Ramadi, Iraq– Privileged under Saddam Hussein and relegated to the political wilderness after his fall, many Sunni Arabs voted in Sunday’s parliamentary poll.
In Sunni heartlands like Anbar province, where US forces faced a bloody insurgency, anger against Prime Minister Nuri al-Maliki‘s Shia-led government seemed palpable.
"There are no services and no jobs. We live in poverty. What are they waiting for? To see us beg to stay alive?" asked Kamel Farhan, 66, who lost two sons in a drive-by shooting by insurgents a few years ago and himself bears bullet scars.
"If there is no change, blood will reach the knee. Killings and violence will return to this province," he declared, sitting in a relative’s shop in the provincial capital of Ramadi.
Minority Sunnis alienated by the US-led invasion spurned the first election for an interim assembly in January 2005. They did not boycott the second, held in December the same year for a full parliament, but still felt shut out of political power.
This time Sunni voters expect a tangible reward.
Turnout in Anbar, a vast swathe of desert stretching from Baghdad to the Syrian, Jordanian and Saudi borders, was a solid 61 percent, only just below the 62 percent national average.
That figure was matched or bettered in other Sunni-majority provinces, according to Iraq’s Independent High Electoral Commission. Sixty-six percent voted in Nineveh, 62 percent in Diyala and 73 percent in Salahuddin, home to Saddam’s clan.
Security in Anbar has improved dramatically since tribal leaders helped turn the tide of war by aligning Sunni fighters with US-backed Iraqi forces against al Qaeda from 2006 on.
Most Anbar voters seemed to support either Ahmed Abu Risha, one of those tribal sheikhs, or former Prime Minister Iyad Allawi, a secular Shia leading a cross-sectarian list.
"Allawi is the best. He is another Saddam but without the moustache," said Turki Hamad, sitting with friends who applauded his words — reflecting popular admiration in this frontier province for leaders in the mould of Iraq’s ousted strongman.
Competitive democracy is new to Iraq, where Saddam won a 2002 referendum on his leadership with 100 percent of the vote.
Sunnis were not immune from Saddam’s iron fist, but did not experience the systematic oppression suffered by restive Kurds and majority Shias who gained power after his overthrow.
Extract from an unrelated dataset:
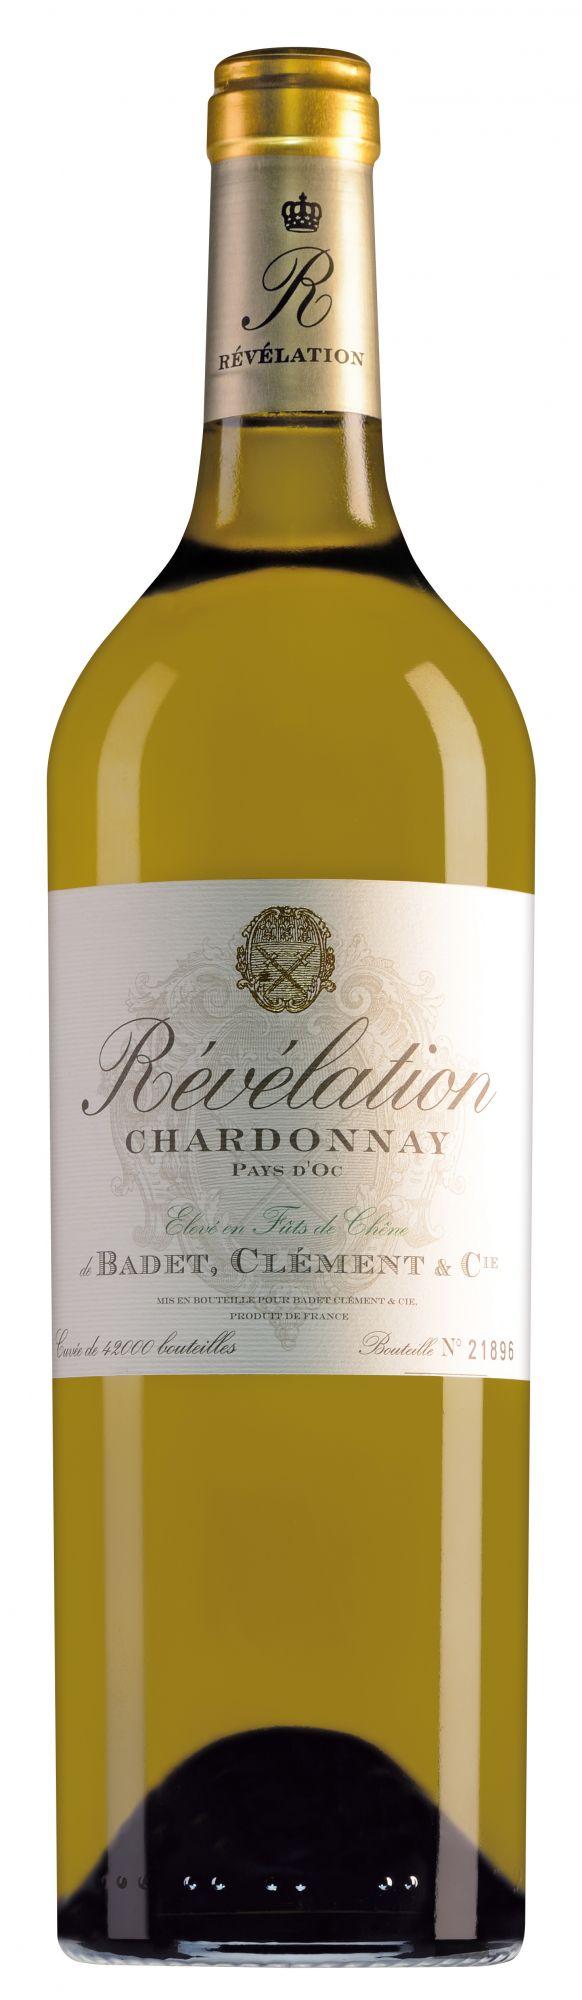 Révélation Pays d'Oc Chardonnay met schroefdop

That tormented history sowed the seeds of the sectarian slaughter that nearly ripped Iraq apart in 2006-07.
People in Anbar, like many in Iraq, are reluctant to admit that any Sunni-Shia rancor persists, but blame sectarian strife on Islamist parties swept into office in both Baghdad and Anbar in previous post-invasion votes many Sunnis shunned.
Now Sunnis are determined to make their votes count. Many see secular electoral lists with strong Sunni components as the best means of regaining a fairer share of government.
Unofficial returns from some ballot stations in Ramadi and Falluja showed Allawi performing well. In the voting station in Abu Risha’s home village, Allawi got 750 votes against 1,200 for Abu Risha, while Maliki’s State of Law coalition took only 129.
"This government didn’t benefit us, so I didn’t vote for it," said Salih Abed, a Ramadi property broker, holding up a purple ink-stained finger to show he had cast his ballot.
"We, all of our tribe, decided to vote for a certain list to make change. We don’t want to split our votes."
Abed had plunged his whole finger, not just the tip, into the ink.
"This to show that I voted from the bottom of my heart."
Abu Risha, the tribal sheikh running on a list with Shia Interior Minister Jawad al-Bolani, celebrated what he expected to be his election victory in style.
Dressed in an Arab headdress and a shiny blue dishdasha robe, he entertained supporters at his palace by firing 20 rounds in the air from a rifle held in one hand, Saddam-style.
"We won," he shouted. "And this is to mark our triumph."